» **Task details**
Copying exactly, give the lines in the material below from the one with "Melody身穿經典長版風衣" to the one with "Elevate Life Church - McKinney", ends included, and nothing besides.

» **Material provided**

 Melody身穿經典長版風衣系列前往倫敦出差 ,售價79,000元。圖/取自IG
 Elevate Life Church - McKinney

==

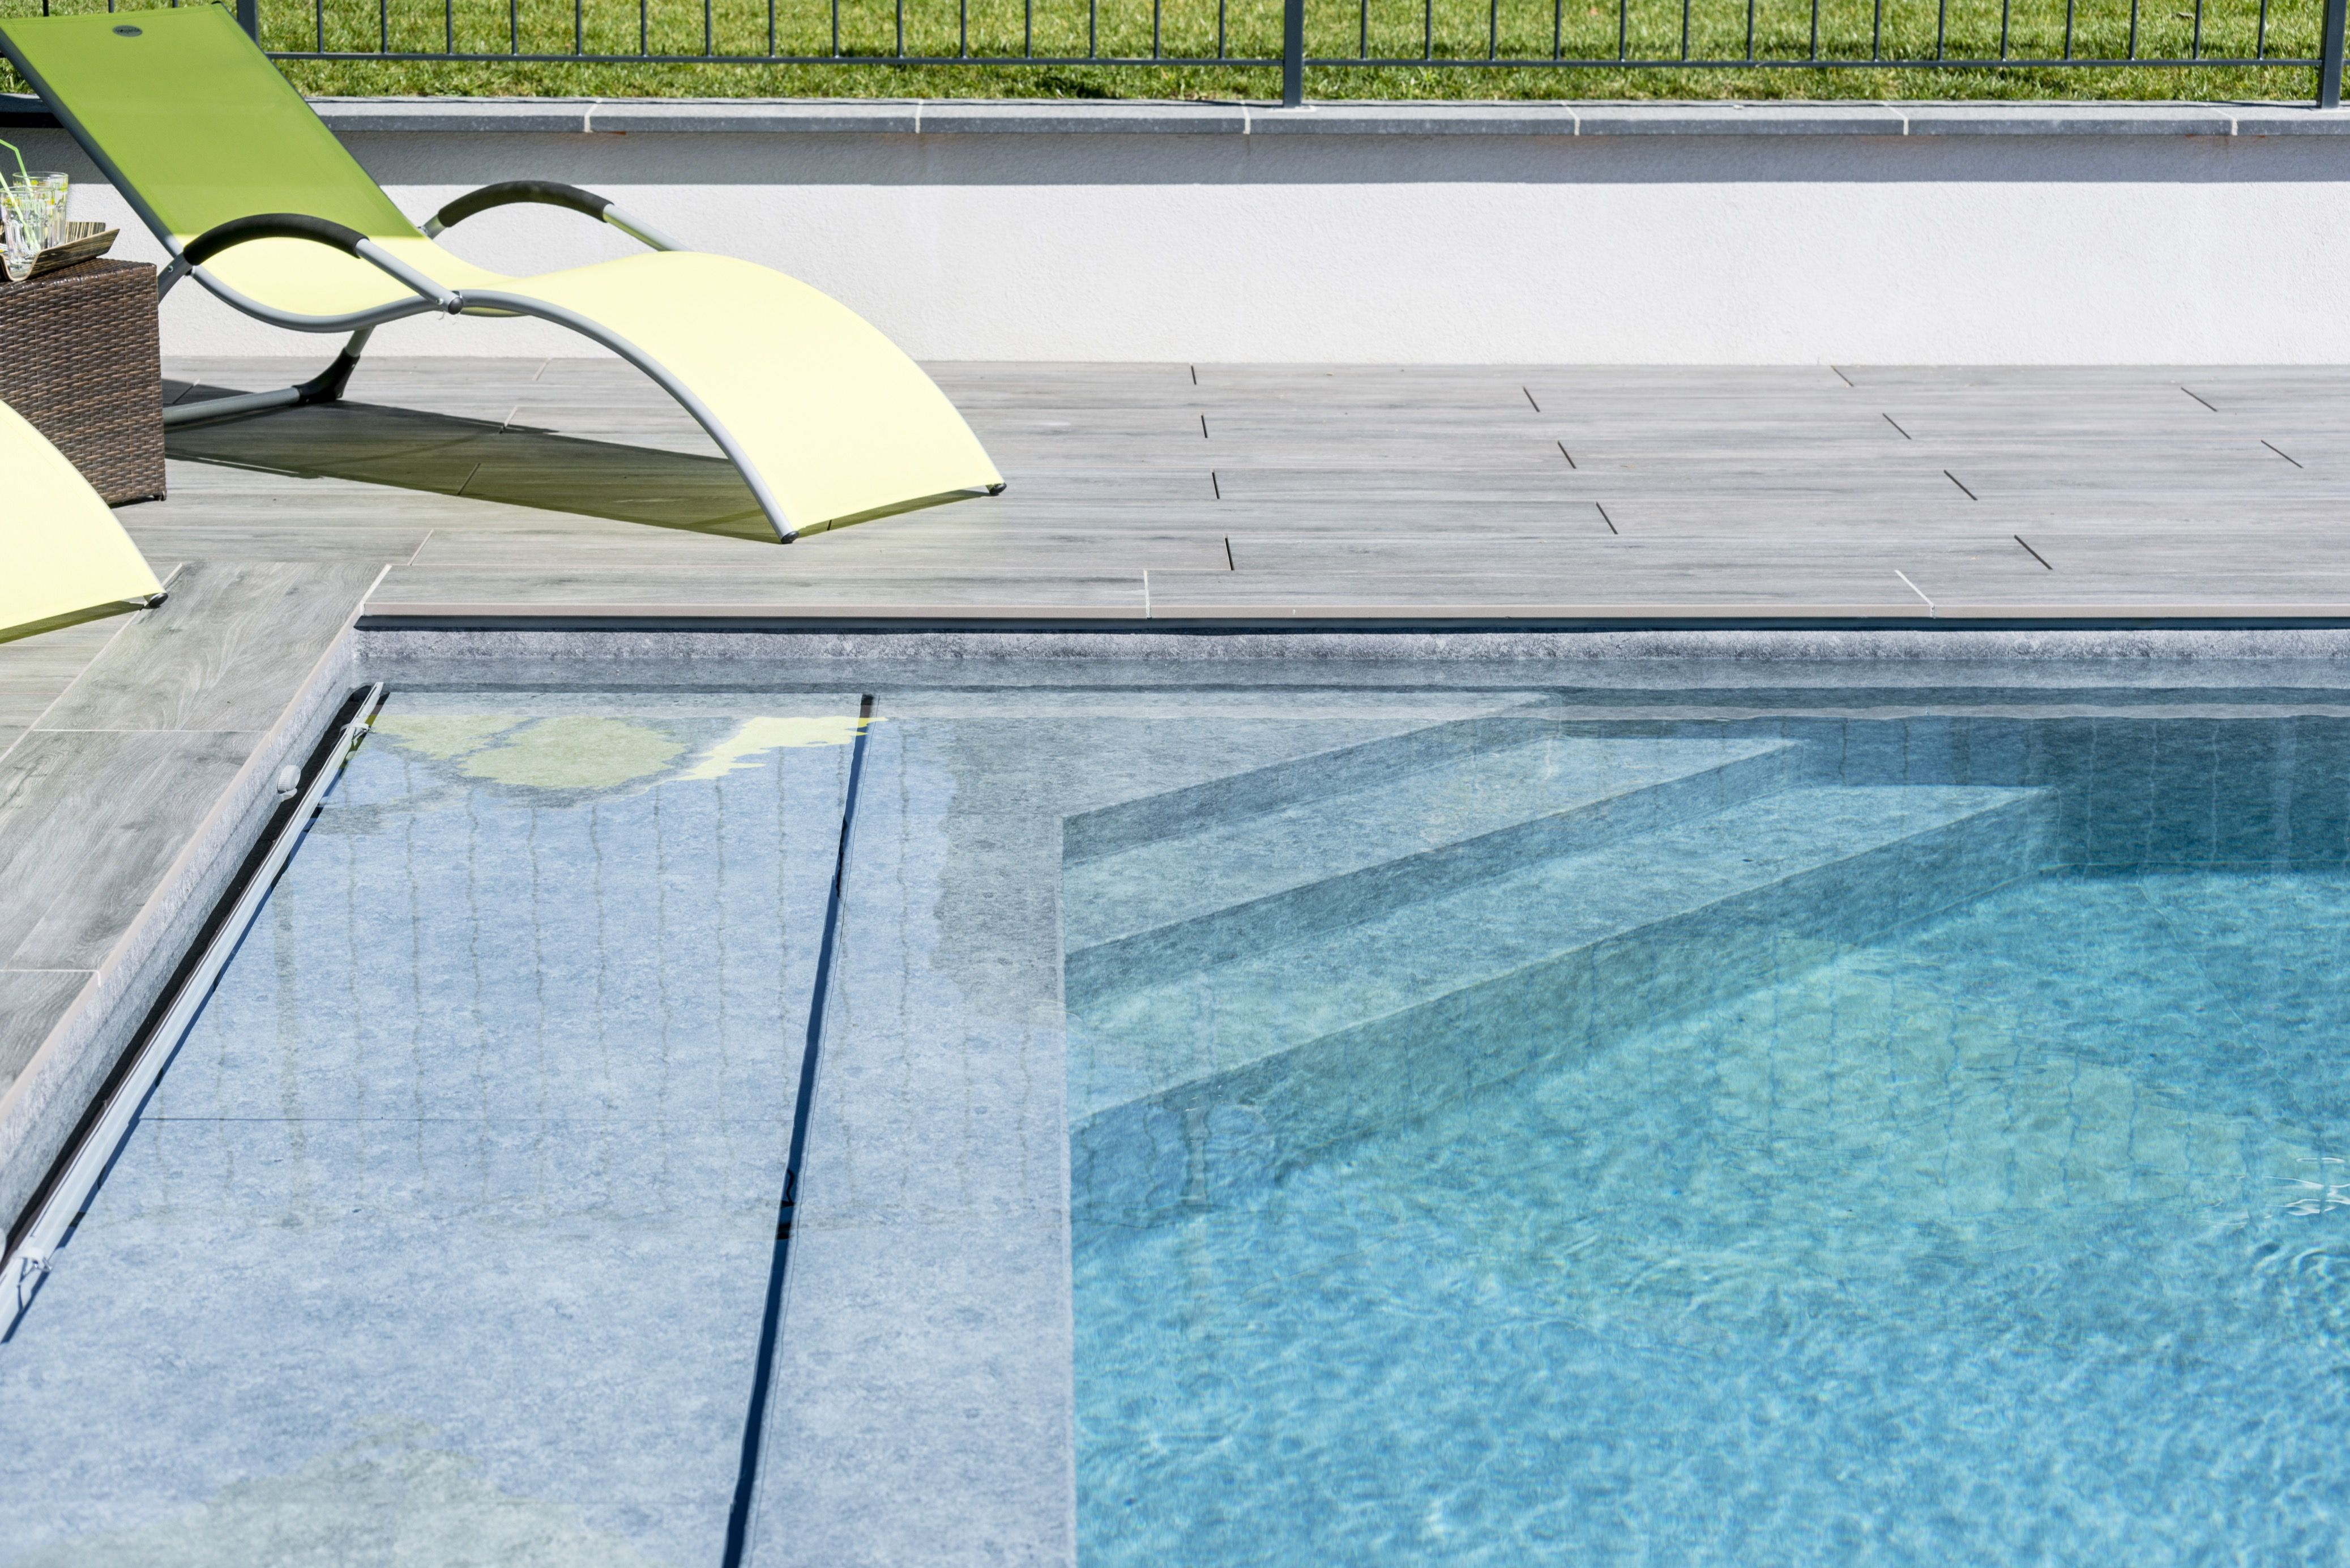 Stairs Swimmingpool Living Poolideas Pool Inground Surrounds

--

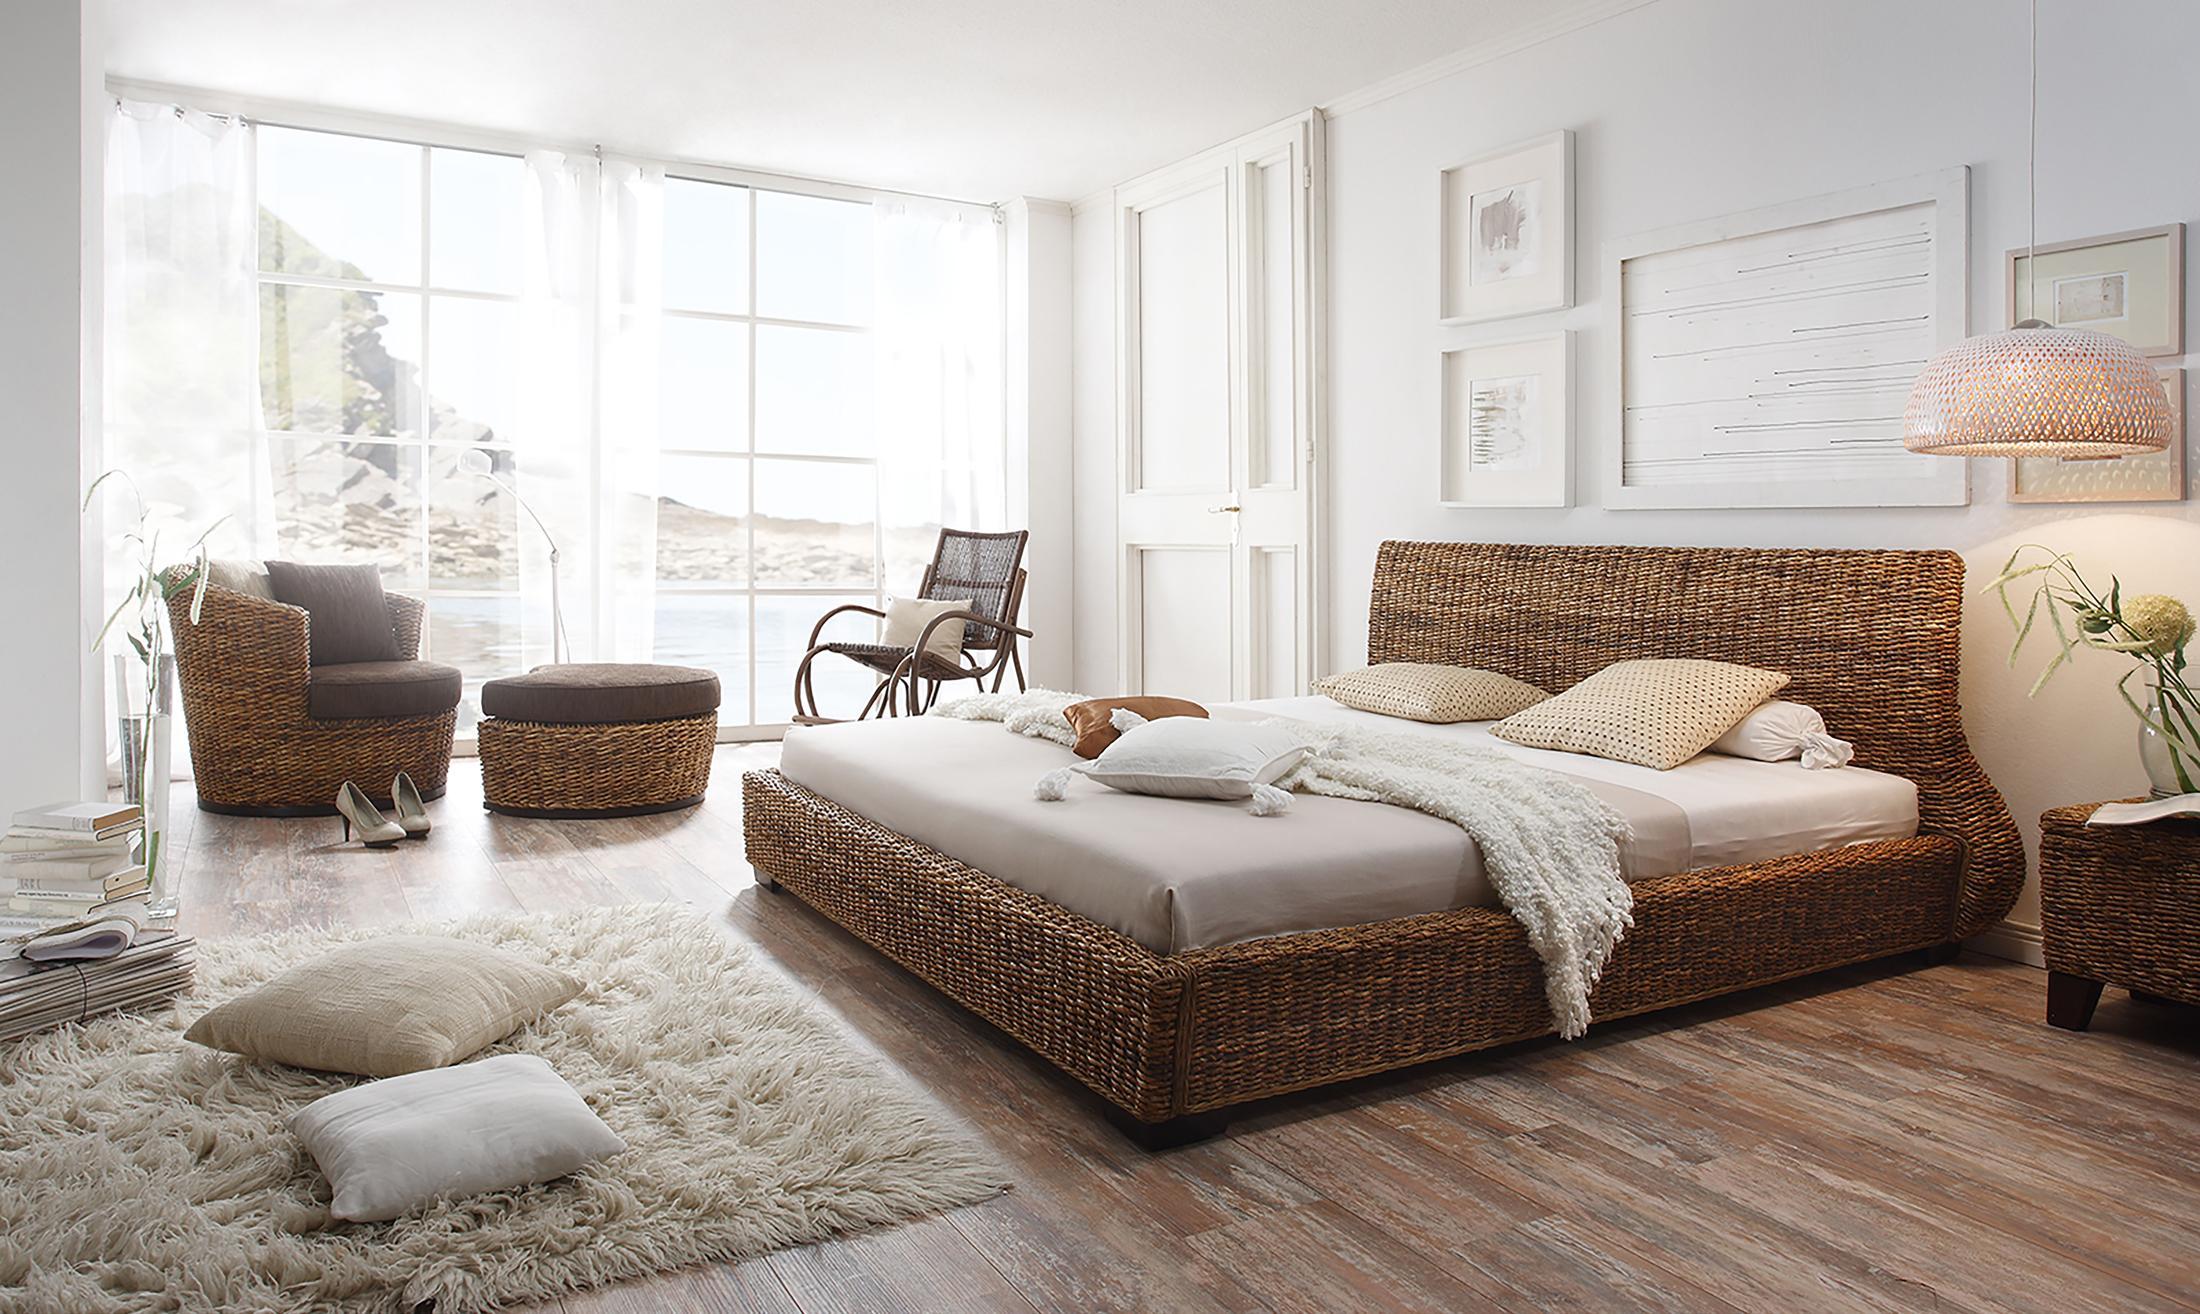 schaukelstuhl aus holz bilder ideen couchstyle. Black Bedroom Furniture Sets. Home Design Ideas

» **Response**
 Melody身穿經典長版風衣系列前往倫敦出差 ,售價79,000元。圖/取自IG
 Elevate Life Church - McKinney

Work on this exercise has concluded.